The cloud service 20 comprises a cloud proxy 21, which receives encapsulated protocol frames (for example, AllJoyn protocol messages), extracts them and forwards them to the specific protocol stack 22 (for example, AllJoyn).
The protocol stack 22 translates the standard messages into queries or actions on a virtualized device data model 23, which stores an abstract representation of the state of the device 10. Such virtualized data model 23 provides a unified representation of the state of the device 10, suitable to support all the possible states and functions of the device, augmented with all the data and metadata required by the standard protocols.
The cloud service 20 identifies connected devices using suitable authentication credentials such as X.509 certificates, enabling secure identification of the origin of each received message.
Furthermore, the cloud service 20 keeps a catalog of managed device types, which provides per each device type the translation rules between standard messages, the virtualized device data model 23 and the device-native messages.
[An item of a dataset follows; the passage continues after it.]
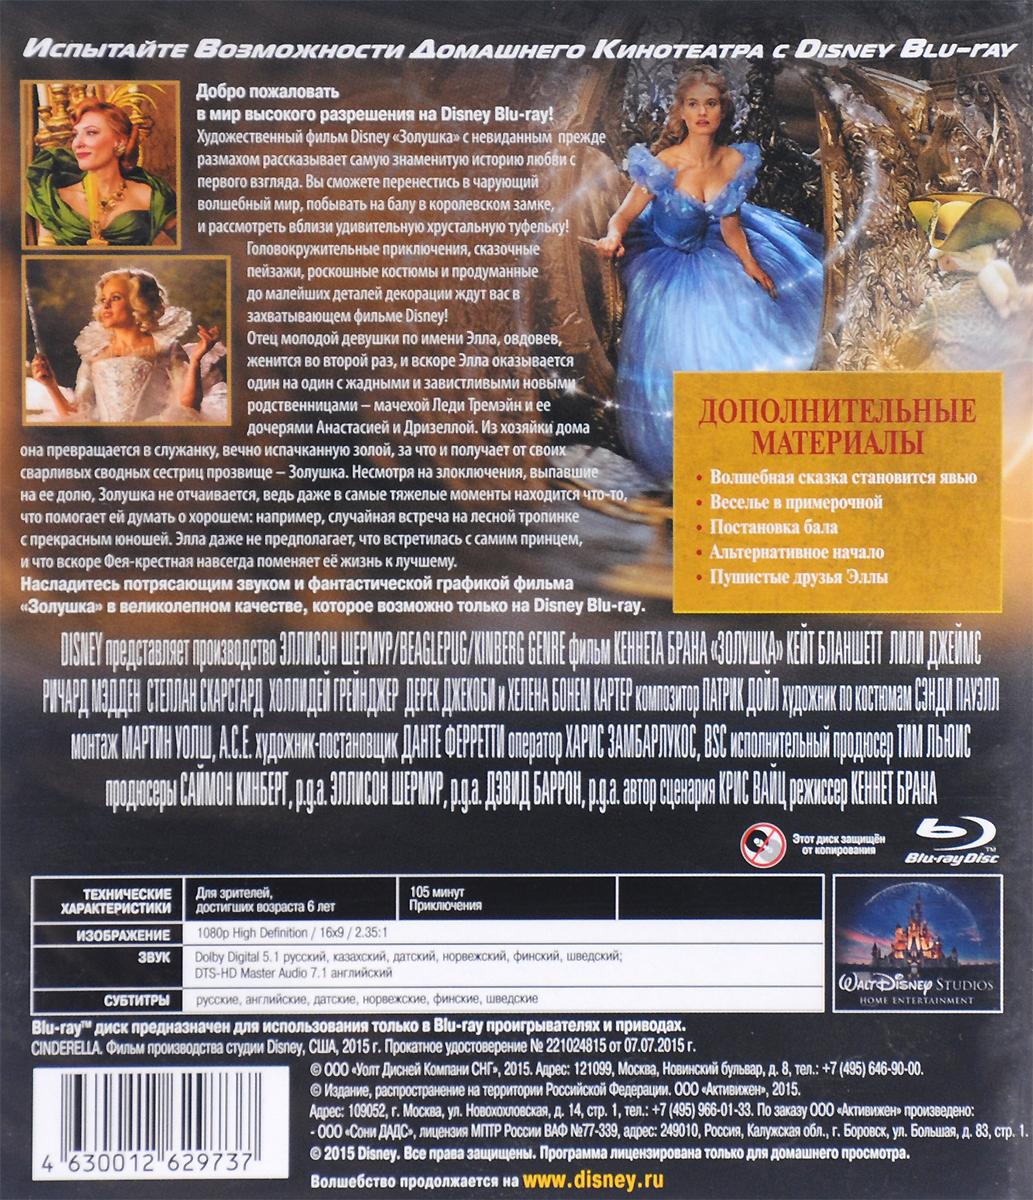 Золушка (Blu-ray) Walt Disney Pictures,Allison Shearmur Productions,Beagle Pug Films,Genre Films

The cloud service 20 includes also an inventory of the managed devices, which defines the catalog type associated to each individual device.
Changes in the virtualized data model 23 are translated into device-native protocol messages via an M2M parser 24 (which can be also called a builder), which also performs the opposite translation when device-native messages are received from the M2M agent 14.
To illustrate the operation of the system, examples of AllJoyn messages transmitted between an endpoint 30, such as a user's mobile phone, and a device 10, such as a washing machine, will be discussed.
For example, an AllJoyn message corresponding to a command requesting to pause the running cycle in a washing machine 10 is first converted in the equivalent abstract representation in the virtualized data model 23 for an abstract washing machine, then translated (by the builder 24) into the equivalent device-native message (which typically is a binary frame) to be transferred to the main control logic 11 of the particular washing machine.
In the opposite direction, a spontaneous response from a particular washing machine 10 reporting to the user's endpoint 30 that a current cycle is terminated, is first translated (by a parser 24) into its abstract representation in the virtualized data model 23, then converted into the equivalent standard message (such as AllJoyn message) for the supported standards and sent to the user's endpoint 30.
In terms of the architecture of the cloud service 20, the endpoint functionality can be realized as a multi-tenant service, wherein parts of application business logic of the protocol are unified and shared, while endpoint sessions and device-native data structures are instantiated separately and multiplexed into the shared service logic.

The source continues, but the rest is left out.